As shown in Figure 2, and Figure 3, a high triglyceride level (>2.22) and no statin use were linked to additional risk for deep vein thrombosis with OR=2.301 (95% CI 1.092-4.847) and OR=3.002 (95% CI 0.693-5.324), with p-values <0.028 and <0.001, respectively. In contrast, HTN and DM exhibited a lower venous thrombosis risk, with OR values of 0.55 and 0.425, respectively, with significant p-values <0.05. Moreover, age, BMI, HDL, total cholesterol, and LDL showed no correlation with the risk for venous thrombosis.

univariate-10-4-175-g002

Figure 2. Forest plot of odds ratios for univariate logistic regression for the associated factors of venous thrombosis

logistic-10-4-175-g003

Figure 3. Forest plot of odds ratios for multivariate logistic regression for the associated factors of deep venous thrombosis

Contraception and Altered Lipid Parameters

The association between CHC use and abnormal lipid levels was not statistically significant, since all p-values were >0.05, as shown in Table 6. The odds ratios for total cholesterol, LDL, and TG were slightly more than 1; however, these increments were not statistically significant.

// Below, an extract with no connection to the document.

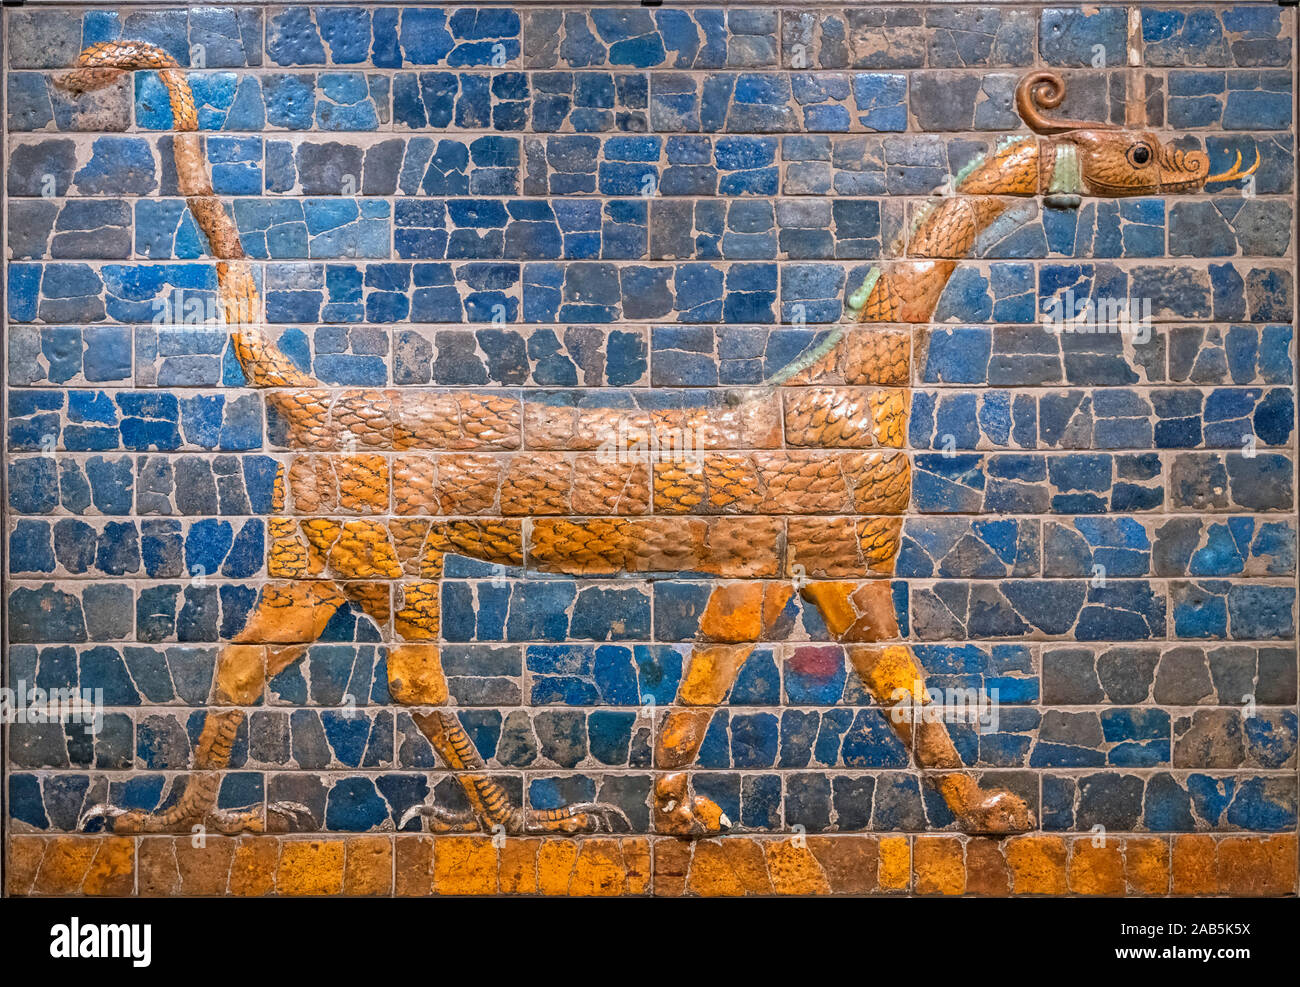 Mushhushshu babylonien-dragon, symbole du dieu Marduk, 604 - 562 avant J.-C., terre cuite vernissée et brique moulée. Le dragon s'était une partie de la décoration de la porte d'Ishtar dans l'ancienne ville de Babylone. Banque D'Images

DVT risk by quartiles of lipid measurement is shown in Table 7. As demonstrated, the risk for DVT was elevated as the levels of total cholesterol, TG, and LDL increased or if HDL levels decreased. However, this association was only significant with TGs and LDL. Women with high TGs had a 4.75-fold increased risk for DVT compared to those with lower levels, with a 95% CI 1.82-12.42 and a p-value <0.001. For LDL, patients with high levels had an OR of 1.514 (95% CI 0.703-3.264) for venous thrombosis compared to lower-level patients, with a p-value <0.028

Discussion

Combined hormonal contraception use is a well-recognized risk factor for deep vein thrombosis. Given the insufficient data addressing the risk for DVT in CHC users with dyslipidemia, this study was initiated. We performed this case-control study primarily to evaluate the risk for deep vein thrombosis in women with dyslipidemia who were exposed to combined hormonal contraception compared to non-exposed women.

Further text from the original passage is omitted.